Tasked to host a once-in-a-lifetime basketball extravaganza in six years’ time, the Samahang Basketbol ng Pilipinas (SBP) is buckling down to work early as it will send a team to China to observe the 2019 Fiba World Cup preparations.
That is the first step for the Philippines for its joint hosting of the 2023 Fiba World Cup together with Japan and Indonesia.
“We also want to form a team to learn what’s happening in China,” said SBP president Al Panlilio. ”We want send a team there to learn from the good things and mistakes they’re doing that we can apply to us here.”
The 2019 event in China will see the games spread out into eight cities, with the oriental power laying the groundwork on the staging of the global basketball exposition under Fiba’s new calendar format.
The joint bid of the three Asian countries promised the Fiba Central Board a bigger and grander edition in 2023.
And this early, Panlilio wants to show the international basketball federation that the Philippines-led proposal will walk the walk.

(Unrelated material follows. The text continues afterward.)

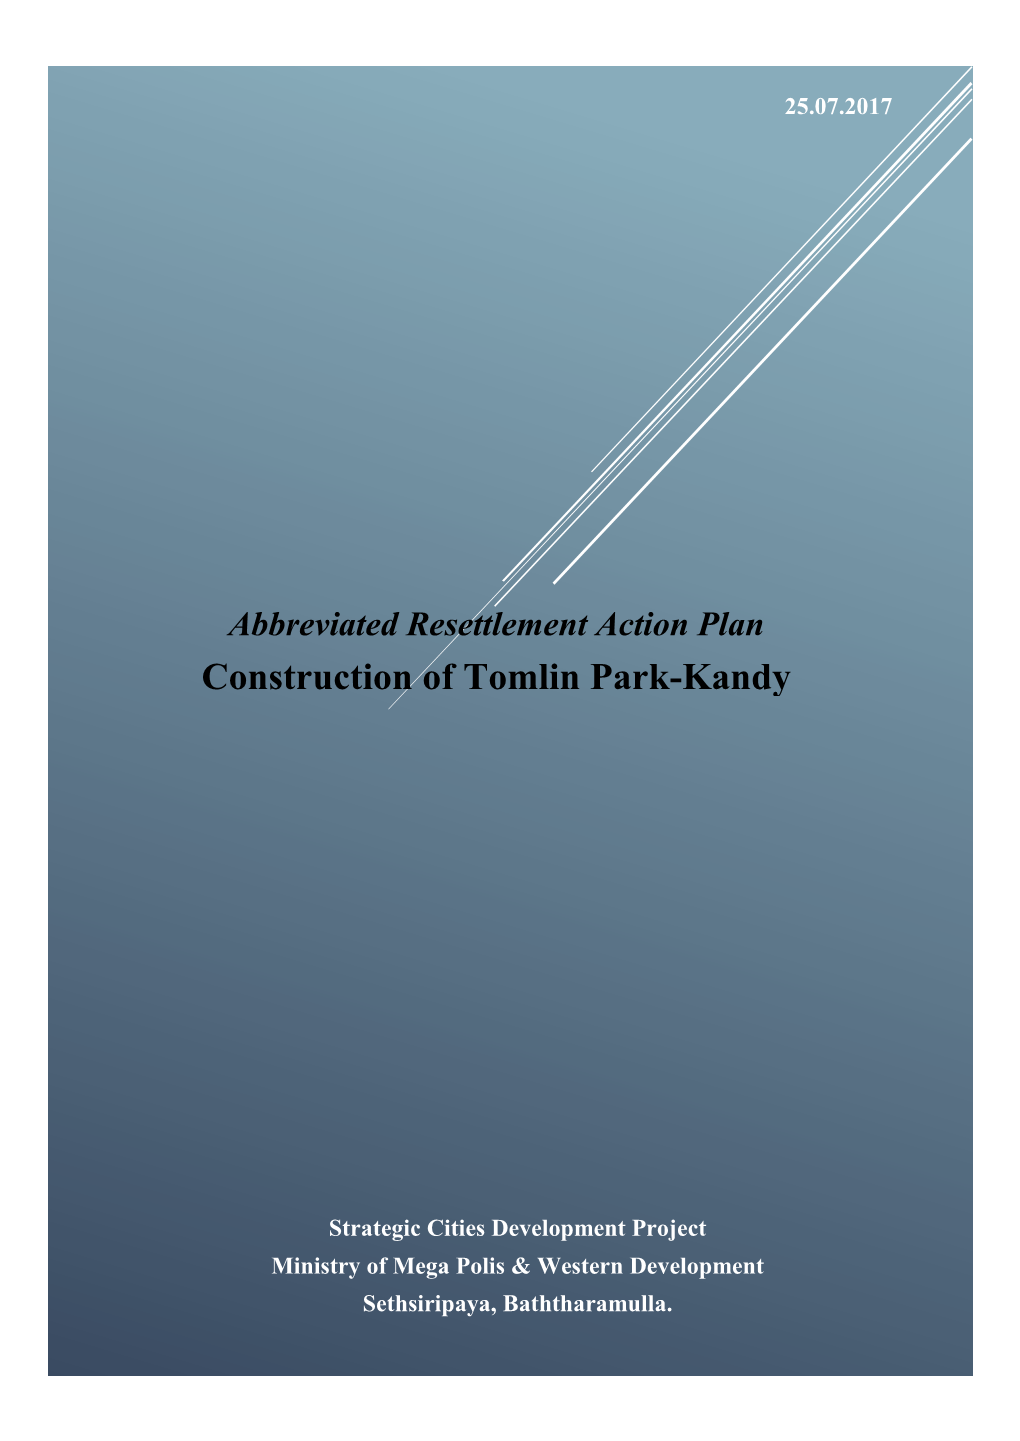 Abbreviated Resettlement Action Plan Construction of Tomlin Park-Kandy
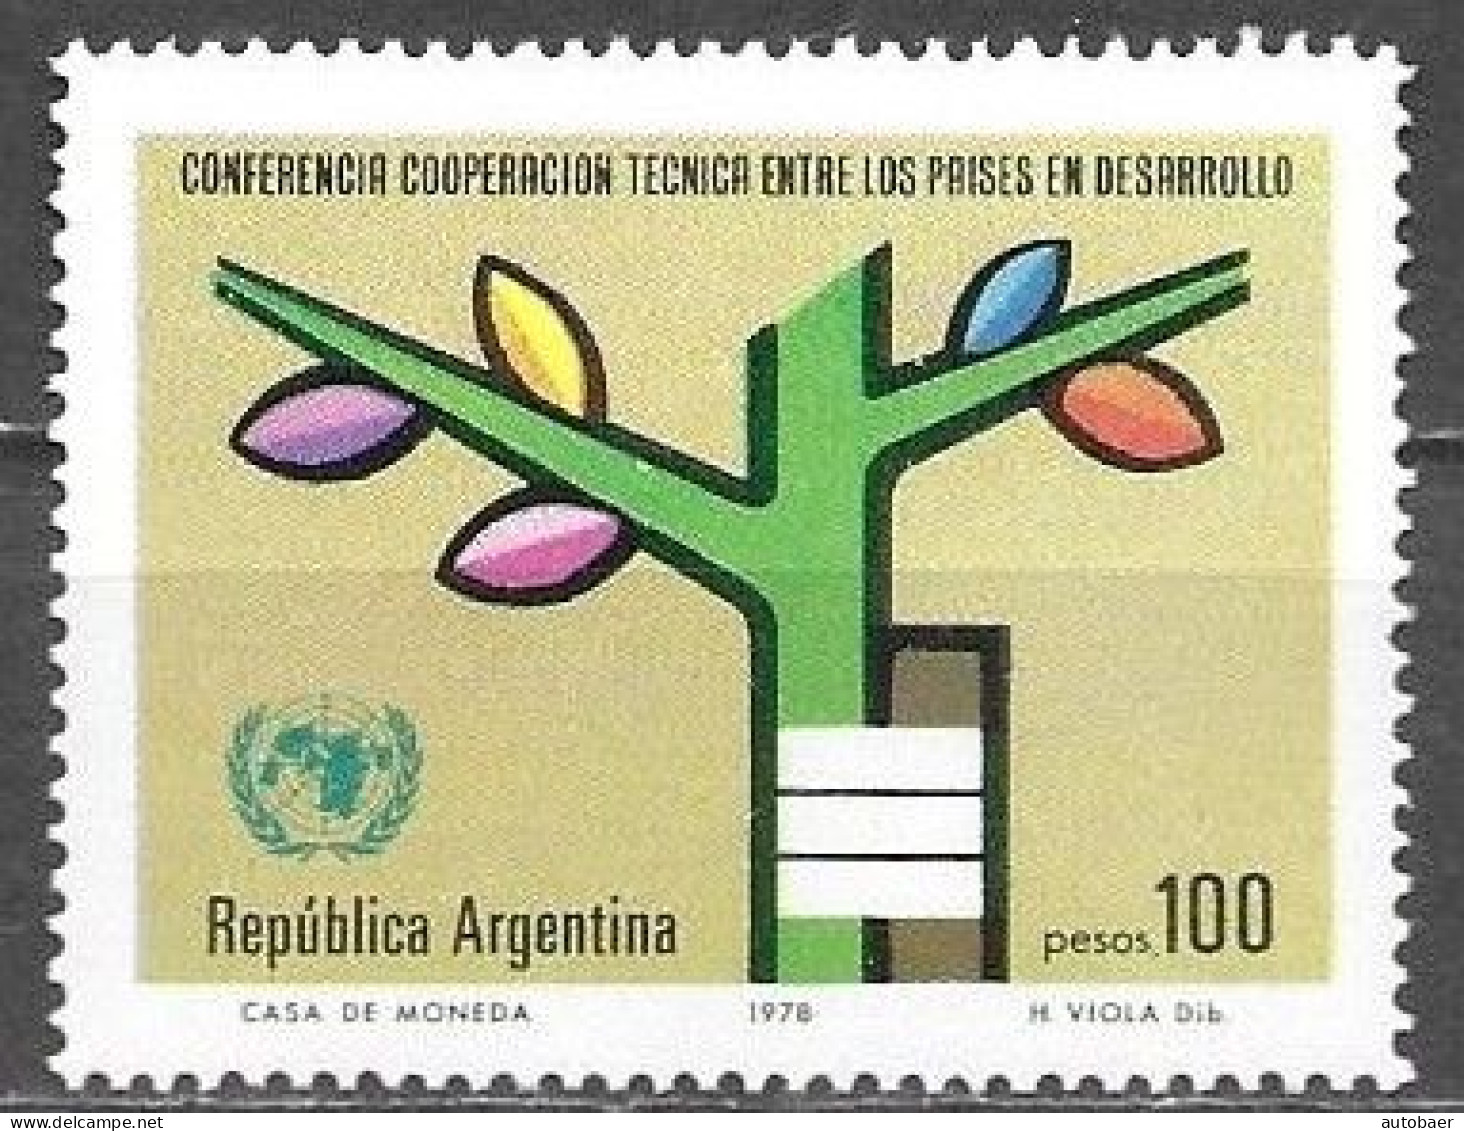 Argentina 1978 Conferencia Cooperacion Conference Cooperation Developing Countries Mi. 1353 MNH Postfrisch Neuf ** - Unused Stamps

“We celebrated a little bit after winning the bid, but the first thing that we had in mind was work has to start right away,” he said.
The country will host the Fiba World Cup for the first time since 1978, with majority of the big games being held in Smart Araneta Coliseum and Mall of Asia Arena.
The other half of the group stages will be distributed between Okinawa, Japan and Jakarta, Indonesia, while the final phase of the tourney will be hosted at Philippine Arena in Bocaue, Bulacan.
Despite the enormous preparation the 2023 staging entails, Panlilio is confident that the Philippines’ joint hosting will shatter Fiba attendance records and live up to its promise to the Central Board.
“The highest record of attendance for a Fiba game is 35,000. Meralco and Ginebra went for 54,000, so we believe we can surpass that in the final game if the final game at Philippine Arena is United States versus Gilas. But imagine us in the Finals at the Philippine Arena.”